Archie teenage comics were popular during my pre-teen years and Veronica Lodge instead of Betty Cooper was always my favorite. When I would grab one and read, they would make me day dream about what it would be like when I started high school in 1969. There was a store called Cozy Corner on the south side of Chicago by South Chicago Hospital where we bought penny candy but there was a store across the street who sold the best selection in magazines and comics. That is where my Archie Andrews and Jughead came from; only costing about 12 cents. Comics were not just titled Archie but Jughead was titled along with Betty and Veronica; having their own issues.Though the hospital is still there and has expanded, the stores are gone.

Riverdale is the fictional small town where the characters grew up and attended Riverdale High. I moved to Dolton in 1971 and Riverdale was a suburb next door…still reading Archie and Archies’s rival Reggie in my teenage years.

Though there was no kissing…it was pure fun and jokes.  Archie drove an old fashioned car convertible from the 1920’s and would occasionally make a call from a phone booth. They would do everything together; bowling, going to the beach, shopping for new clothes.They actually went to Als pizzeria and would get two pieces for the price of one. Archie was always in trouble with their old teacher, Ms, Grundy or the principal, Mr. Weatherbee. There were times they would dance, walk close, staring at each other with the printed red hearts floating about; sometimes Archie with Veronica…sometimes with Betty. The publishers would keep you guessing until issues # 600–602. The story features a futuristic look into the life of Archie in the years that follow his college graduation when Archie makes his ultimate decision to marry Veronica instead of Betty Cooper in 2009.

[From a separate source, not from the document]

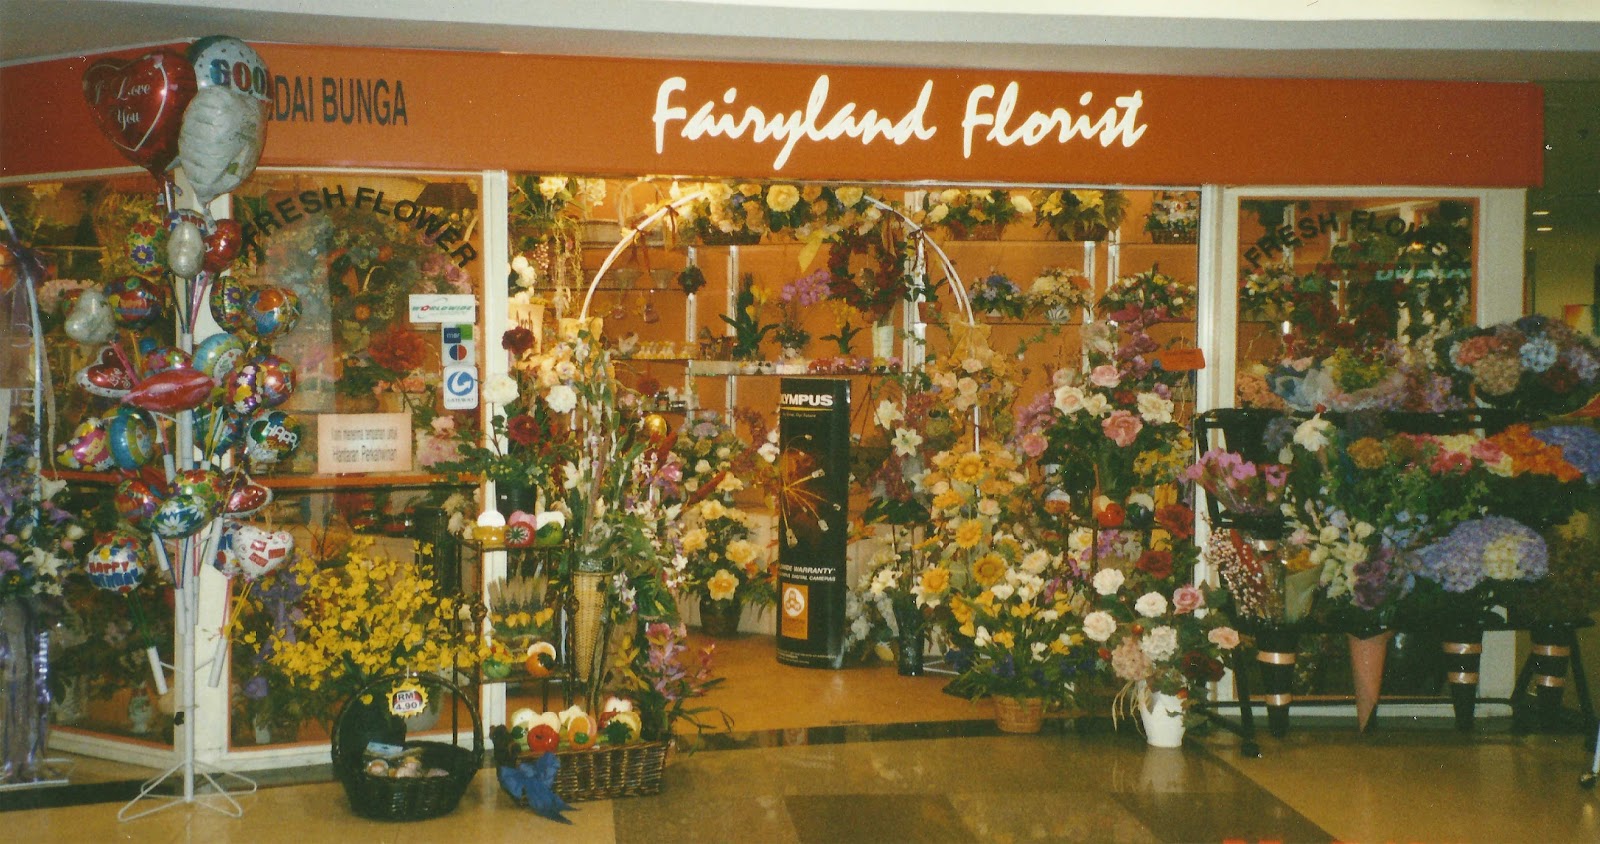 Fairyland Florist Kedai Bunga

Archie proved to be popular enough to warrant his own self-titled ongoing comic book series which began publication in the winter of 1942 and ran until June 2015. A second series began publication in July 2015, featuring a reboot of the Archie universe with a new character design aesthetic and a more mature story format and scripting, aimed for older, contemporary teenage and young adult readers. The printed comic book format is different from the previous publications.

I miss the wholesome lives of the Riverdale comic characters and wish I had saved at least one copy for times like these.

The most valuable Archie comic book ever known to have been sold went for more than $140,000. Archie made his first appearance in a comic book in 1941, in the issue “Pep No. 2”; that’s the one which made the big money.

Amazon offers an amazing copy from 1966.There are several Ebay copies for purchase as well. Maybe just one….it is a Betty and Veronica from 1968…no longer 12 cents but under $15.00?